(Recorded data)
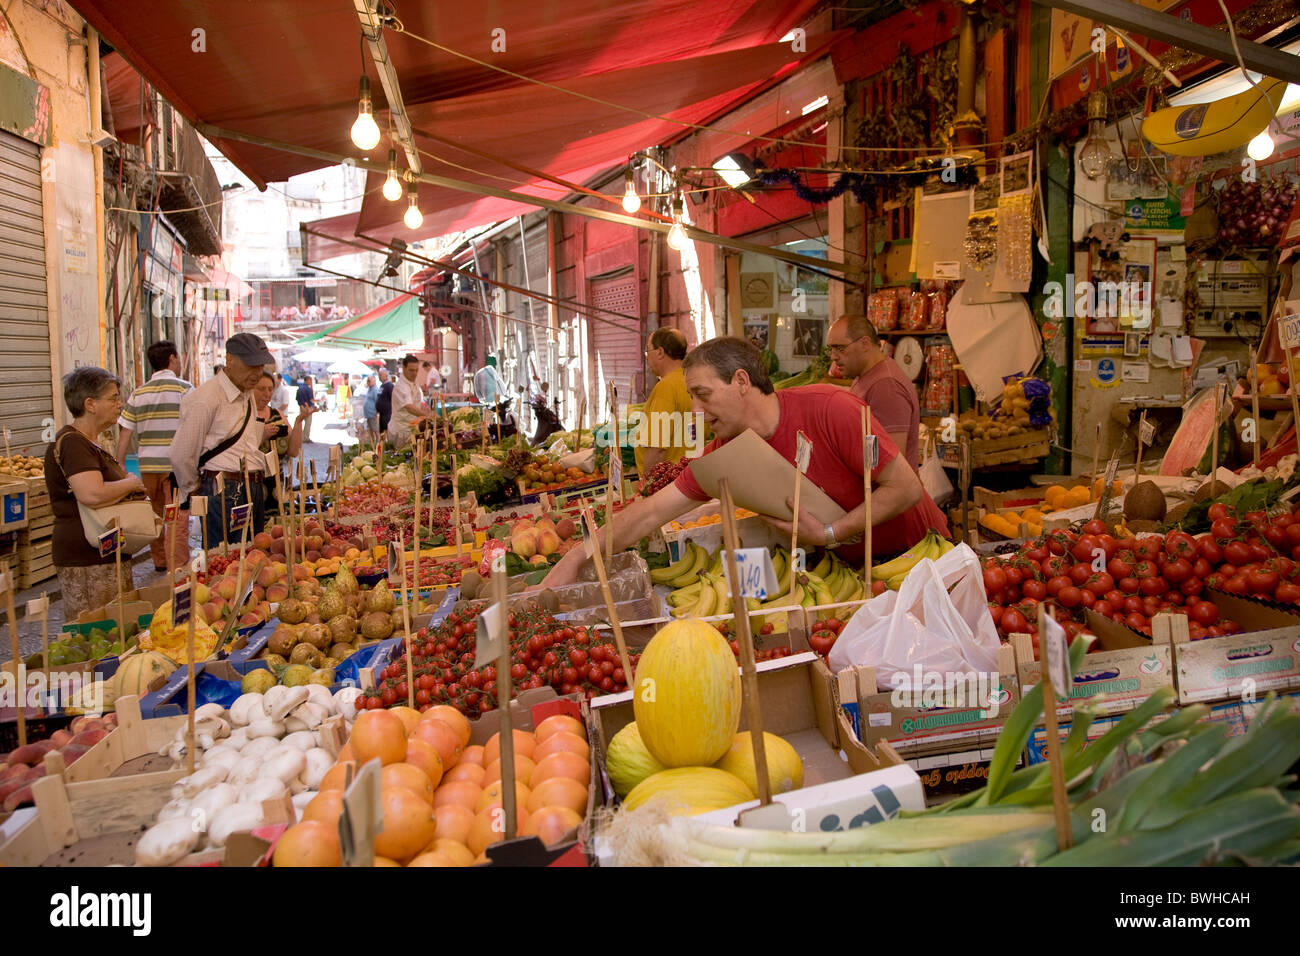 Mercato Vuccir'a mercato alimentare, frutta stand, Palermo, Sicilia, Italia, Europa Foto Stock
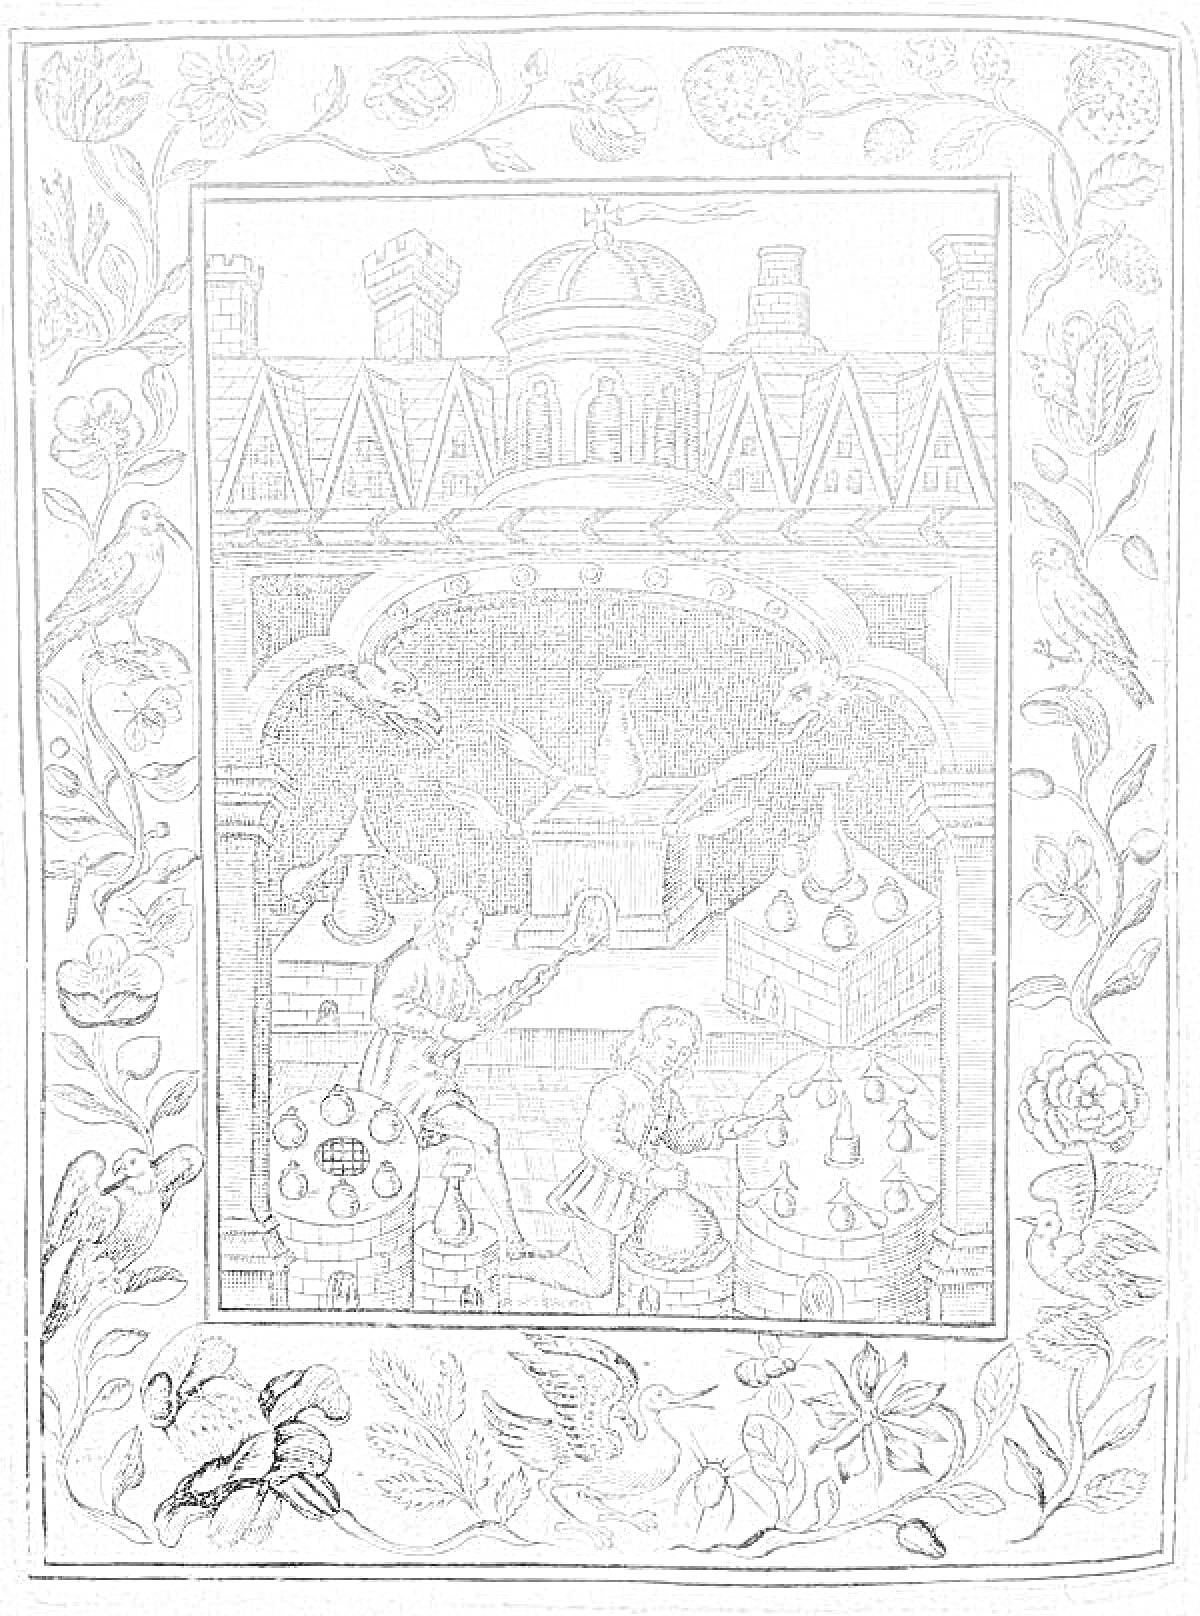 Кабинет алхимика в средневековом замке с изображением сокровищ, реторты и алхимических инструментов, окружённый рамкой с узором из цветов, птиц и листьев.
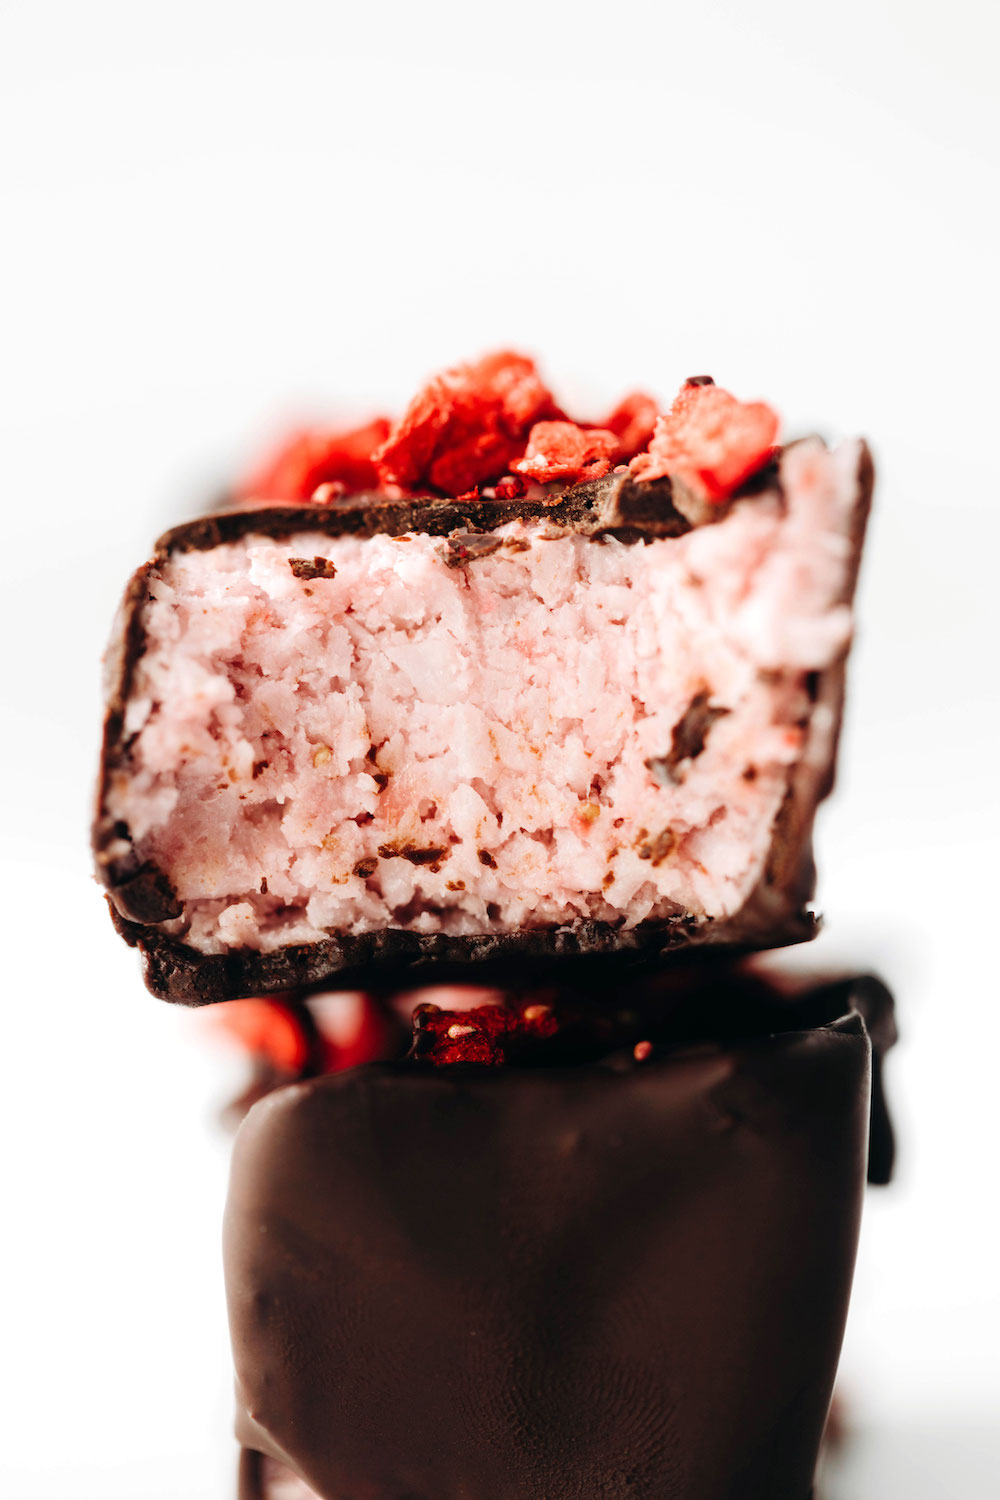 Chocolate Covered Strawberry Bars (vegan + paleo)
(End Recorded data)
A faithful, word-for-word copy of the data is needed; the pictures should not appear in it.

◆ **Response to this task**
 Mercato Vuccir'a mercato alimentare, frutta stand, Palermo, Sicilia, Italia, Europa Foto Stock
 Кабинет алхимика в средневековом замке с изображением сокровищ, реторты и алхимических инструментов, окружённый рамкой с узором из цветов, птиц и листьев.
 Chocolate Covered Strawberry Bars (vegan + paleo)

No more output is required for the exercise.